Les médias, aujourd’hui
Dans bon nombre de milieux, les griefs s’accumulent à l’endroit des grands médias des sociétés occidentales. Typiquement, on leur reproche de se livrer à une course à l’audimat qui les entraîne de plus en plus bas sur la dangereuse pente de la démagogie et du sensationnalisme. Je pense que de telles accusations sont largement fondées et il serait inutile de s’appesantir ici sur les effets de productions médiatiques engagées dans cette voie aussi bien sur l’information citoyenne que sur le développement de la pensée critique. Carl Sagan remarquait ainsi que si la plupart des journaux publient quotidiennement des horoscopes, bien peu ont, en revanche, ne seraitce qu’hebdomadairement, une chronique consacrée à la science.
Et pourtant, ayant convenu de cela, je pense qu’on n’a rien dit de l’essentiel. Car le plus grave ce n’est pas ce fait, prévisible, que nos grands médias deviennent de plus en plus des acteurs de la grande mise en scène de la société du spectacle et qu’ils assument par là des fonctions de divertissement, voire de diversion, que l’on ne connaît que trop bien. Non. Le plus grave c’est qu’en tant qu’outils politiques fondamentaux d’élaboration d’un espace public de discussion, ils soient en passe de renoncer à cette tâche pour ne plus exercer qu’une fonction de propagande. Pour le dire autrement: s’il est vrai que le fait que la télévision verse de plus en plus dans le reality show et autres spectaculaires stupidités n’a rien de réjouissant, la véritable tragédie se joue désormais chaque soir, au téléjournal. Et cellelà n’est que rarement évoquée.

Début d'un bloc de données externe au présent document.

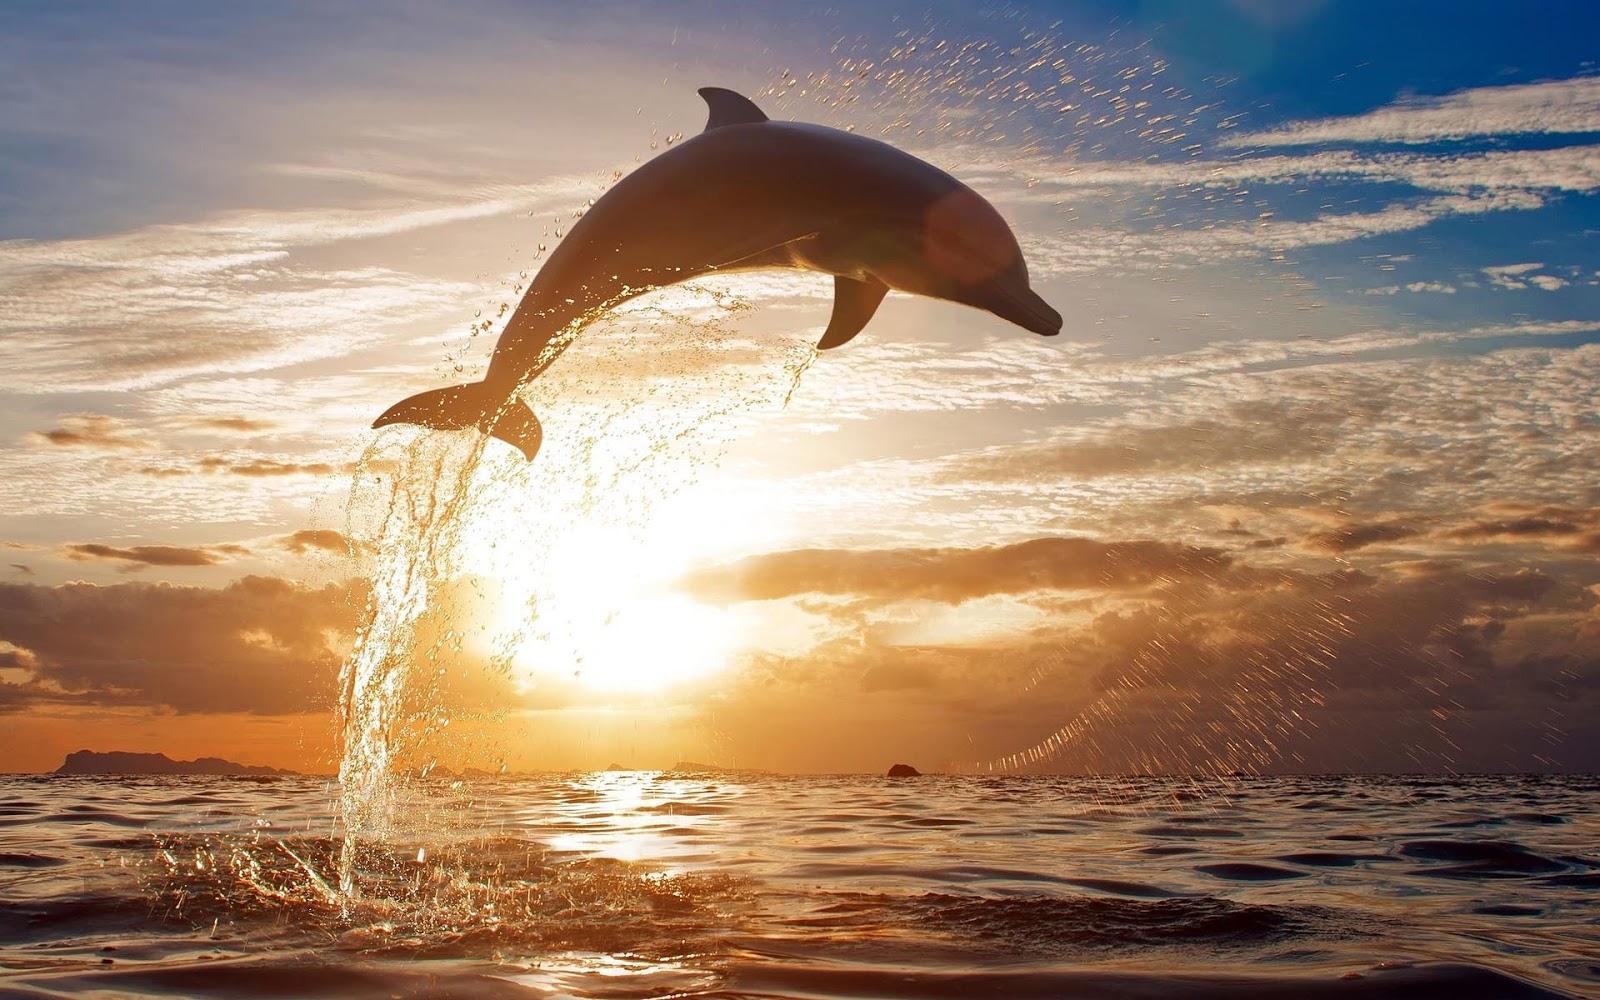 Dolfijnen achtergronden : Bureaublad Achtergronden

À ma connaissance, Edward Herman et Noam Chomsky ont mené à ce sujet les travaux les plus concluants et les plus importants. Selon eux, les médias sont en quelque sorte surdéterminés par un certain nombre d'éléments structurels et institutionnels qui conditionnent — certes non pas entièrement, mais du moins très largement — le type de représentation du réel qui y est proposé ainsi que les valeurs, les normes et les perceptions qui y sont promues. Plus concrètement, ces chercheurs ont proposé un modèle selon lequel les médias remplissent, dans une très grande mesure,
une fonction propagandiste au sein de nos sociétés. Selon cette analyse, les médias “servent à mobiliser des appuis en faveur des intérêts particuliers qui dominent les activités de l'État et celles du secteur privé; leurs choix, insistances et omissions peuvent être au mieux compris — et parfois même compris de manière exemplaire et avec une clarté saisissante — lorsqu'ils sont analysés en ces termes”.
Ce modèle propagandiste pose un certain nombre de filtres comme autant d'éléments surdéterminant la production médiatique qui suggère une “dichotomisation systématique et hautement politique de la couverture médiatique, qui est fonction des intérêts des principaux pouvoirs nationaux. Ceci devrait se vérifier en observant le choix des sujets qui sont traités ainsi que l'ampleur et la qualité de leur couverture”. Partant de là, ce modèle autorise des prédictions, et il s'agit dès lors de déterminer si les observations s'y conforment ou non.